Like fitted values ($\hat{Y}$), the residual can be expressed as linear combinations of the response variable Yi.

\begin{align*}
e&=Y-\hat{Y}\\
&=Y-HY\\&=(I-H)Y
\end{align*}

• Hat matrix only involves the observation in the predictor variable X  as $H=X(X’X)^{-1}X’$. It plays an important role in diagnostics for regression analysis.
• The hat matrix plays an important role in determining the magnitude of a studentized deleted residual and therefore in identifying outlying Y observations.
• The hat matrix is also helpful in directly identifying outlying X observation.
• In particular the diagonal elements of the hat matrix are indicator of in a multi-variable setting of whether or not a case is outlying with respect to X values.
• The elements of hat matrix have their values between 0 and 1 always and their sum is p i.e. $0 \le h_{ii}\le 1$  and  $\sum _{i=1}^{n}h_{ii} =p$
where p is number of regression parameter with intercept term.
• hii is a measure of the distance between the X values for the ith case and the means of the X values for all n cases.

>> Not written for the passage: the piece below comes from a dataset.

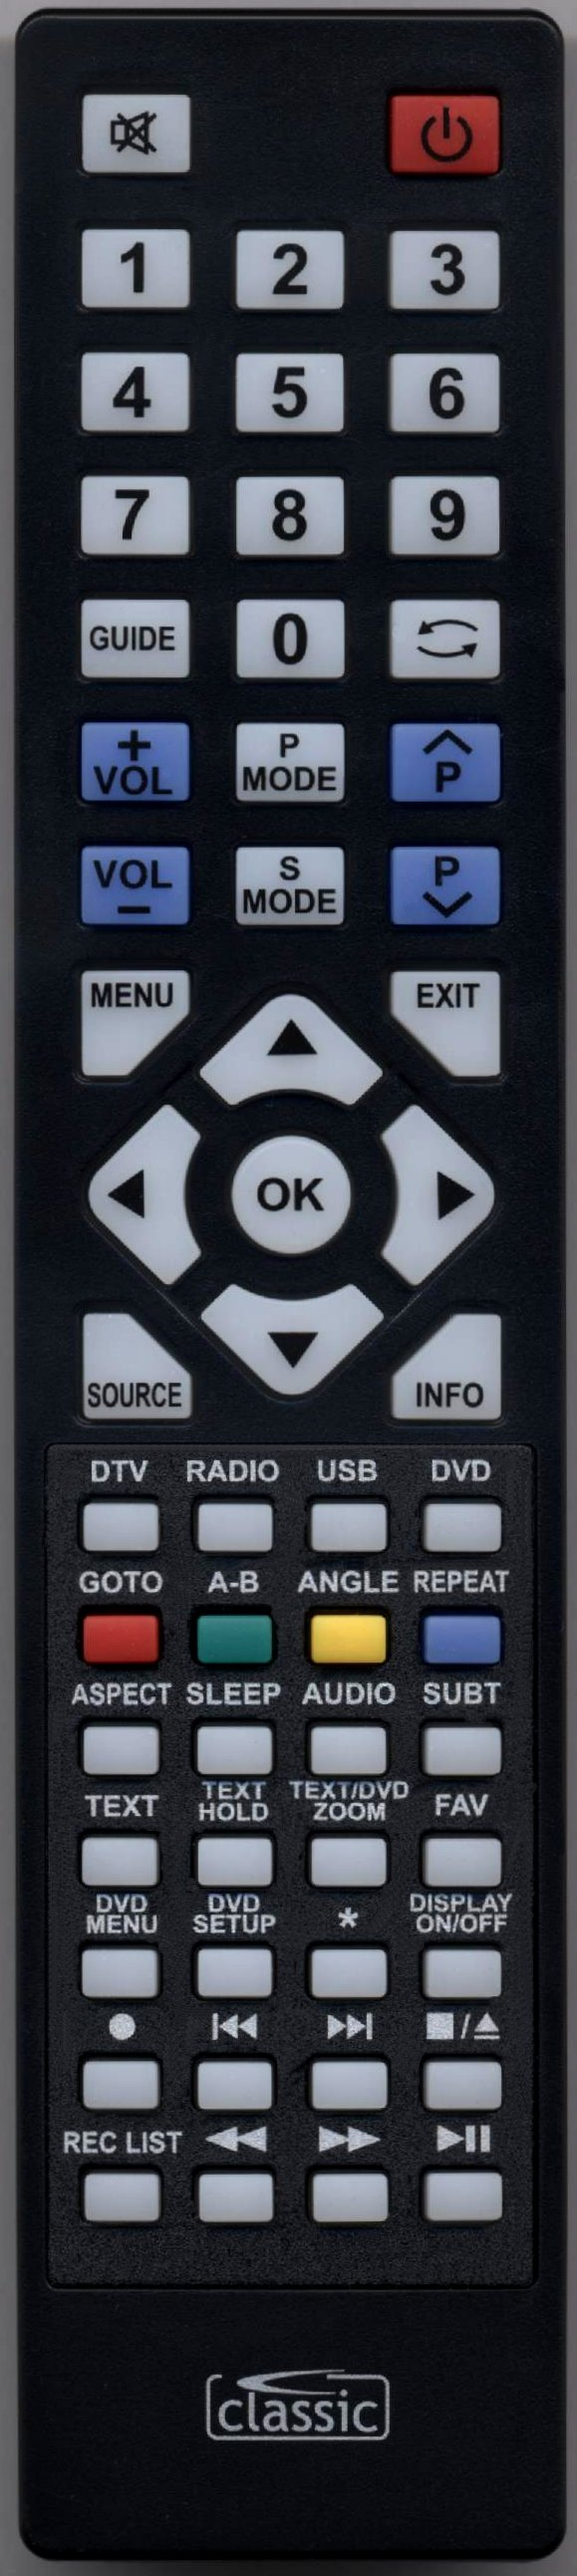 BLAUPUNKT 40/148Z-GB-11B-FGKU-UK Remote Control Alternative
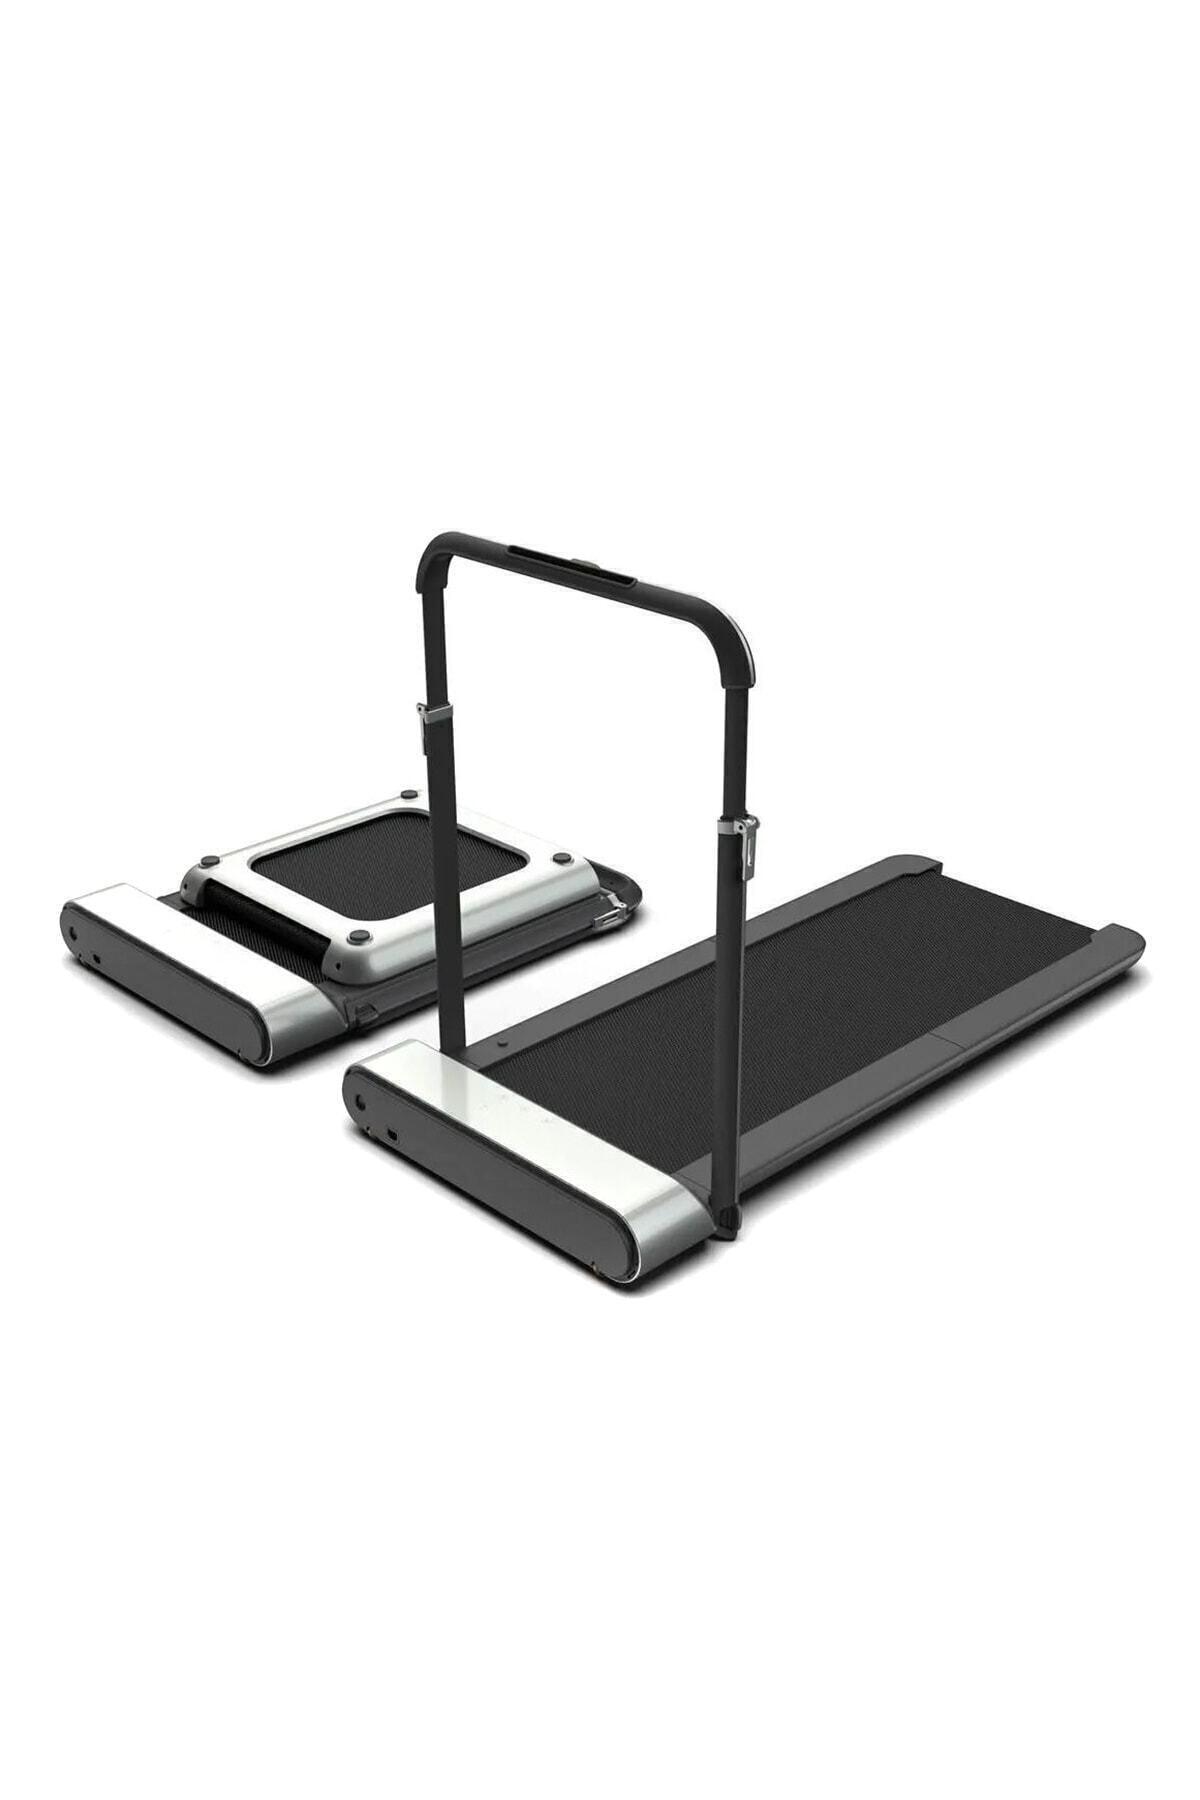 Walkingpad R1 Pro 1.25 Hp Katlanabilir Koşu Bandı

## Mathematical Properties of Hat Matrix

• HX=X
• (I-H)X=0
• HH=H2=H=Hp
• H(I-H)=0
• $Cov(\hat{e},\hat{Y})=Cov\left\{HY,(I-H)Y\right\}=\sigma ^{2} H(I-H)=0$
• 1-H is also symmetric and idempotent.
• H1=1 with intercept term. i.e. every row of H adds  upto 1. 1’=1H’=1’H  & 1’H1=n
• The elements of H are denoted by hii  i.e.
$H=\begin{pmatrix}{h_{11} } & {h_{12} } & {\cdots } & {h_{1n} } \\ {h_{21} } & {h_{22} } & {\cdots } & {h_{2n} } \\ {\vdots } & {\vdots } & {\ddots } & {\vdots } \\ {h_{n1} } & {h_{n2} } & {\vdots } & {h_{nn} }\end{pmatrix}$
The large value of hii indicates that the ith case is distant from the center for all n cases. The diagonal element hii in this context is called leverage of the ith case.hii is a function of only the X values, so hii measures the role of the X values in determining how important Yi is affecting the fitted $\hat{Y}_{i}$ values.
The larger the hii, the smaller the variance of the residuals ei for hii =1, σ2(ei)=0.
• Variance, Covariance of e
\begin{align*}
e-E(e)&=(I-H)Y(Y-X\beta )=(I-H)\varepsilon \\
E(\varepsilon \varepsilon ‘)&=V(\varepsilon )=I\sigma ^{2} \,\,\text{and} \,\, E(\varepsilon )=0\\
(I-H)’&=(I-H’)=(I-H)\\
V(e) & =  E\left[e-E(e_{i} )\right]\left[e-E(e_{i} )\right]^{{‘} } \\
& = (I-H)E(\varepsilon \varepsilon ‘)(I-H)’ \\
& = (I-H)I\sigma ^{2} (I-H)’ \\
& =(I-H)(I-H)I\sigma ^{2} =(I-H)\sigma ^{2}
\end{align*}V(ei) is given by the ith diagonal element 1-hii  and Cov(ei ,ej ) is given by the (i, j)th  element of −hij of the matrix (I-H)σ2.\begin{align*}
\rho _{ij} &=\frac{Cov(e_{i} ,e_{j} )}{\sqrt{V(e_{i} )V(e_{j} )} } \\
&=\frac{-h_{ij} }{\sqrt{(1-h_{ii} )(1-h_{jj} )} }\\
SS(b) & = SS({\rm all\; parameter)=}b’X’Y \\
& = \hat{Y}’Y=Y’H’Y=Y’HY=Y’H^{2} Y=\hat{Y}’\hat{Y}
\end{align*}The average $V(\hat{Y}_{i} )$ to all data points is
\begin{align*}
\sum _{i=1}^{n}\frac{V(\hat{Y}_{i} )}{n} &=\frac{trace(H\sigma ^{2} )}{n}=\frac{p\sigma ^{2} }{n} \\
\hat{Y}_{i} &=h_{ii} Y_{i} +\sum _{j\ne 1}h_{ij} Y_{j}
\end{align*}

## Role of Hat Matrix in Regression Diagnostic

### Internally Studentized Residuals

$V(e_i)=(1-h_{ii}\sigma^2$ where σ2 is estimated by s2

i.e. $s^{2} =\frac{e’e}{n-p} =\frac{\Sigma e_{i}^{2} }{n-p}$  (RMS)

we can studentized the residual as $s_{i} =\frac{e_{i} }{s\sqrt{(1-h_{ii} )} }$

These studentized residuals are said to be internally studentized because s has within it ei itself.

### Extra Sum of Squares attributable to $e_i$

\begin{align*}
e&=(1-H)Y\\
e_{i} &=-h_{i1} Y_{1} -h_{i2} Y_{2} -\cdots +(1-h_{ii} )Y_{i} -h_{in} Y_{n} =c’Y\\
c’&=(-h_{i1} ,-h_{i2} ,\cdots ,(1-h_{ii} )\cdots -h_{in} )\\
c’c&=\sum _{i=1}^{n}h_{i1}^{2}  +(1-2h_{ii} )=(1-h_{ii} )\\
SS(e_{i})&=\frac{e_{i}^{2} }{(1-h_{ii} )}\\
S_{(i)}^{2}&=\frac{(n-p)s^{2} -\frac{e_{i}^{2}}{e_{i}^{2}  (1-h_{ii} )}}{n-p-1}
\end{align*}
provides an estimate of σ2 after deletion of the contribution of ei.

### Externally Studentized Residuals

$t_{i} =\frac{e_{i} }{s(i)\sqrt{(1-h_{ii} )} }$ are externally studentized residuals. Here if ei is large, it is thrown into emphases even more by the fact that si has excluded it. The ti follows a tn-p-1 distribution under the usual normality of errors assumptions.